Methane Emissions: 35% from Natural Sources, 65% Anthropogenic
About 65% of global methane emissions come from anthropogenic sources such as agriculture, fossil fuel production and use, and waste management. The remaining 35% come from natural processes. Methane is produced in large quantities when organic material, such as dead plants and leaves, is decomposed underwater by microorganisms. One example is dams, when large areas of forest are flooded as a result. Although these man-made structures are primarily used for hydroelectric power generation, they are also considered natural sources of methane.
“These results underscore how important it is to better understand the processes that control methane formation in wetlands,” says Eric Kort, director of the Atmospheric Chemistry Department at the Max Planck Institute for Chemistry and a co-author of the study. “To reliably assess the global methane budget, we need significantly more measurements—not only in the Amazon region, but also in other data-poor tropical regions such as Central Africa and Southeast Asia.”
Participating Institutions
The study was conducted by an international team led by the Max Planck Institute for Chemistry in Mainz. Scientists from Johannes Gutenberg University Mainz, Forschungszentrum Jülich, the Cyprus Institute in Nicosia, Cyprus, the California Institute of Technology in Pasadena, USA, as well as the University of Washington and the University of Michigan, USA, also contributed.
Background: CAFE Brazil research Campaign
The aircraft measurements of methane emissions were part of the scientific campaign CAFE BRAZIL (Chemistry of the Atmosphere: Field Experiment in Brazil).
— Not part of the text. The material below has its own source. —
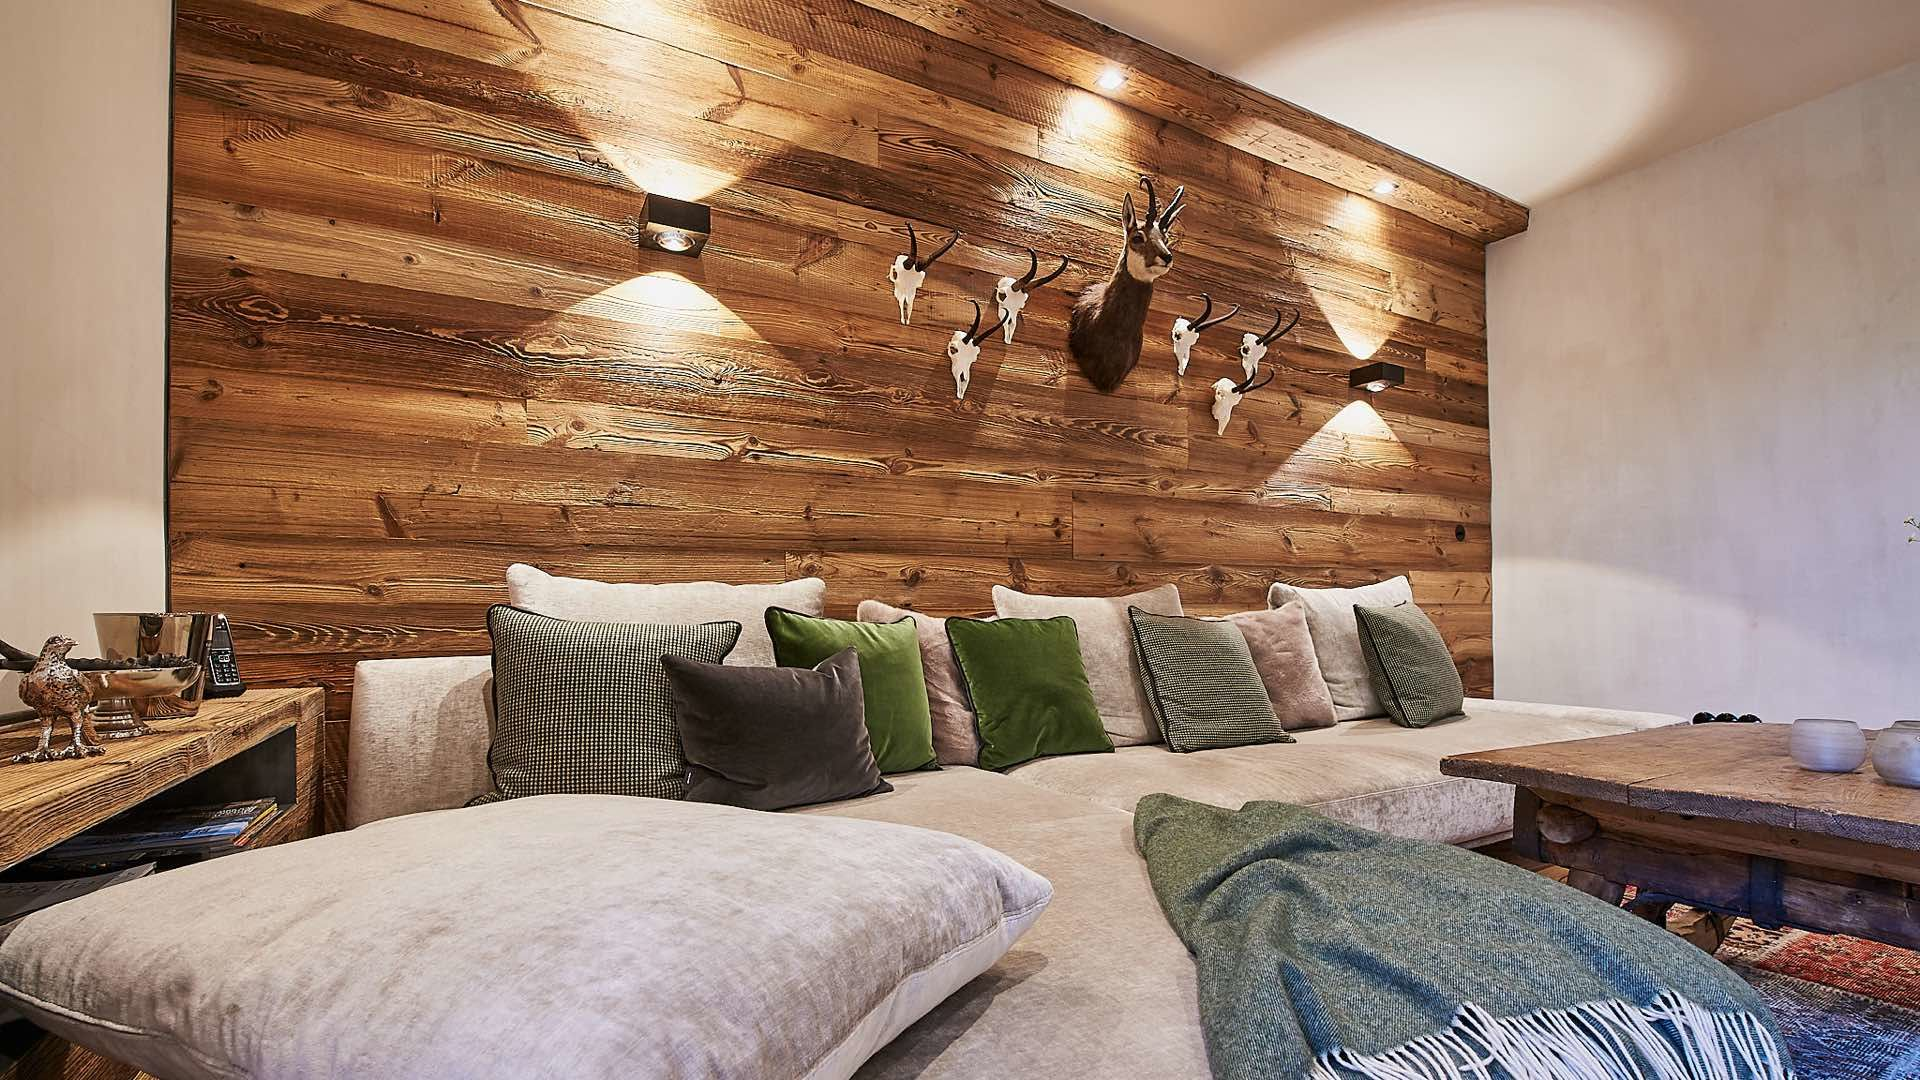 Holzwand mit LED Lampen, Wohnzimmer, Kitzbühel
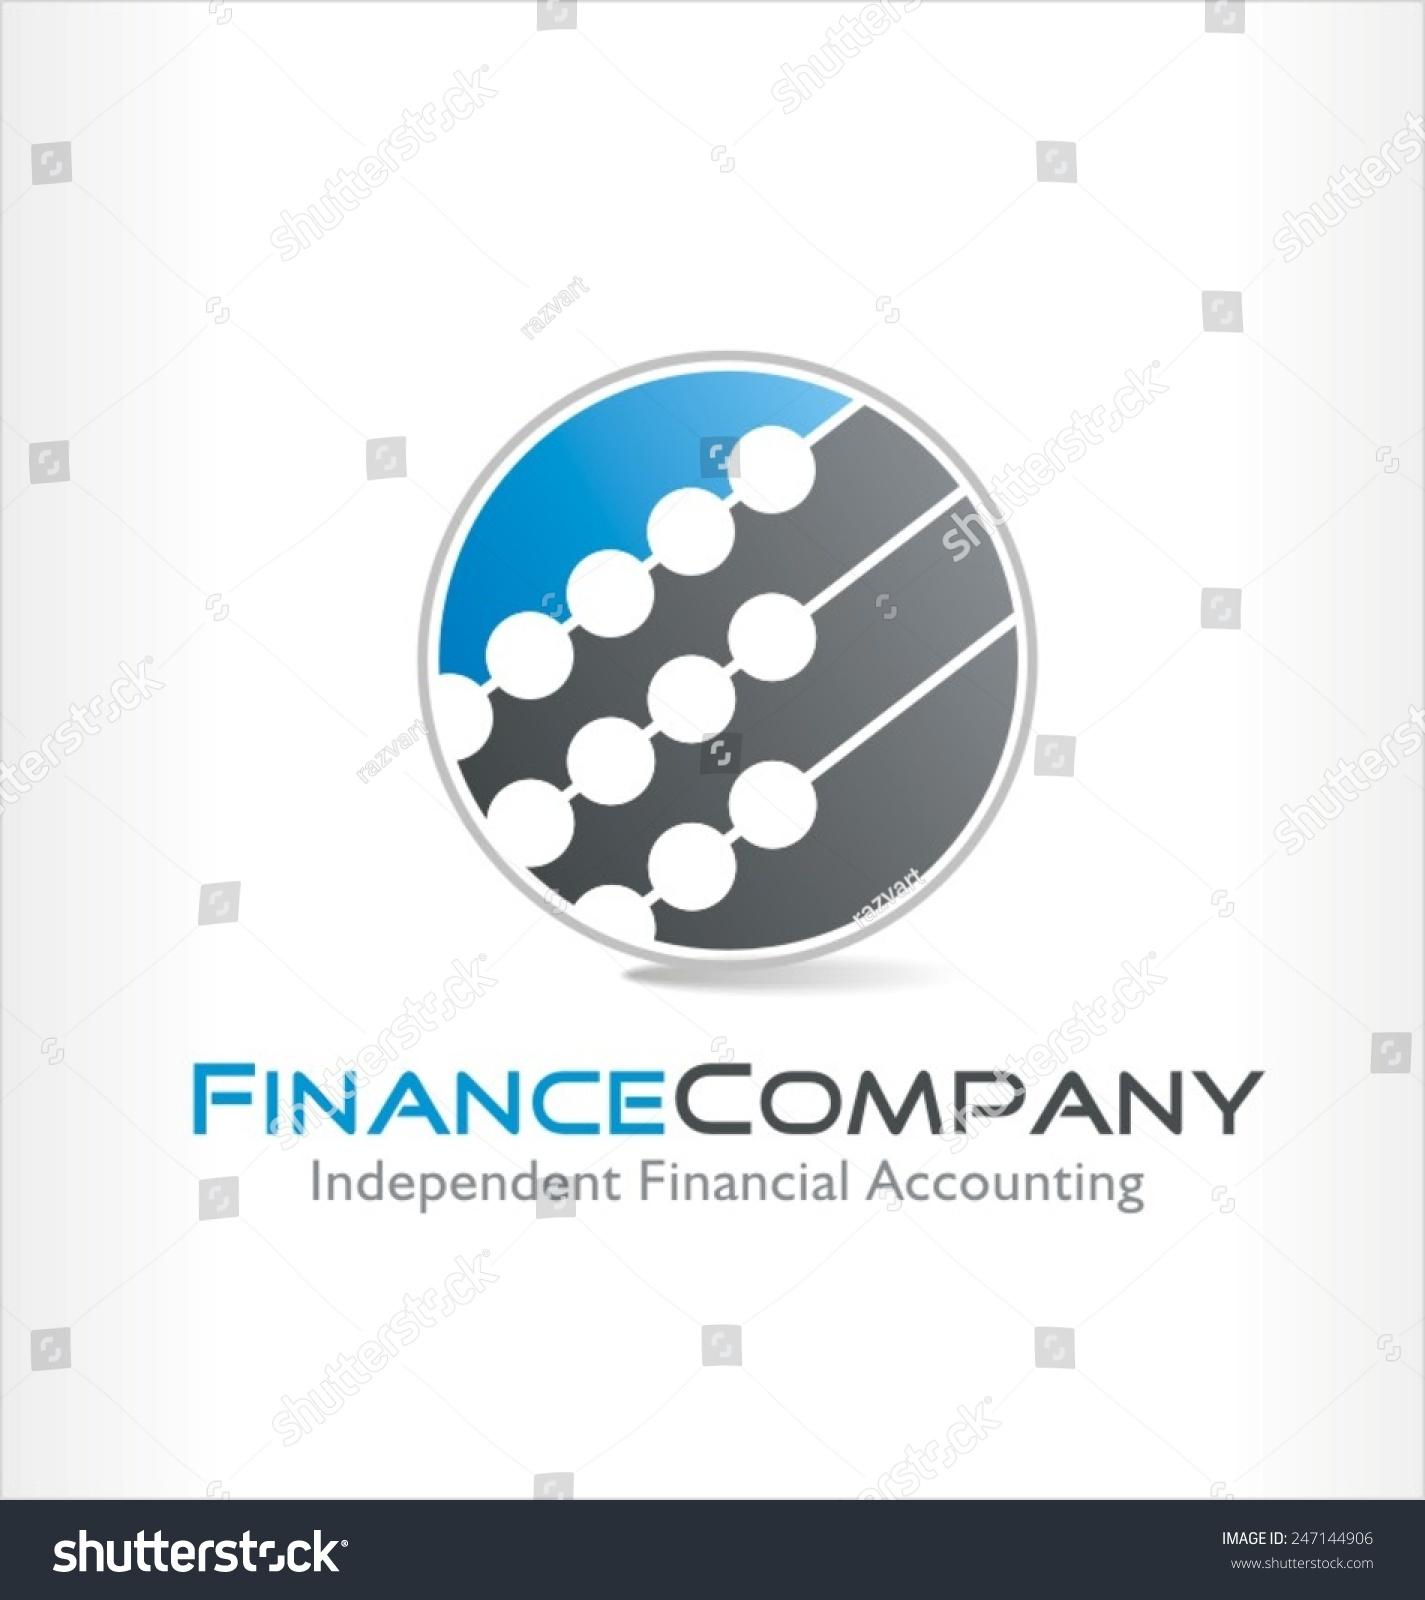 Accounting Vector Logo Symbol Stock Vector 247144906 ...

Using the HALO research aircraft, scientists investigated natural chemical processes over the Amazon rainforest in December 2022 and January 2023; balloons, drones, and the ATTO research station complemented the measurements from the ground.
One goal was to understand how the forest and its plant emissions affect atmospheric processes such as cloud formation. Collaboration with local partners in Brazil was key to the success of the research mission. Researchers from INPA (National Institute of Amazonian Research) and the University of São Paulo contributed their on-the-ground expertise.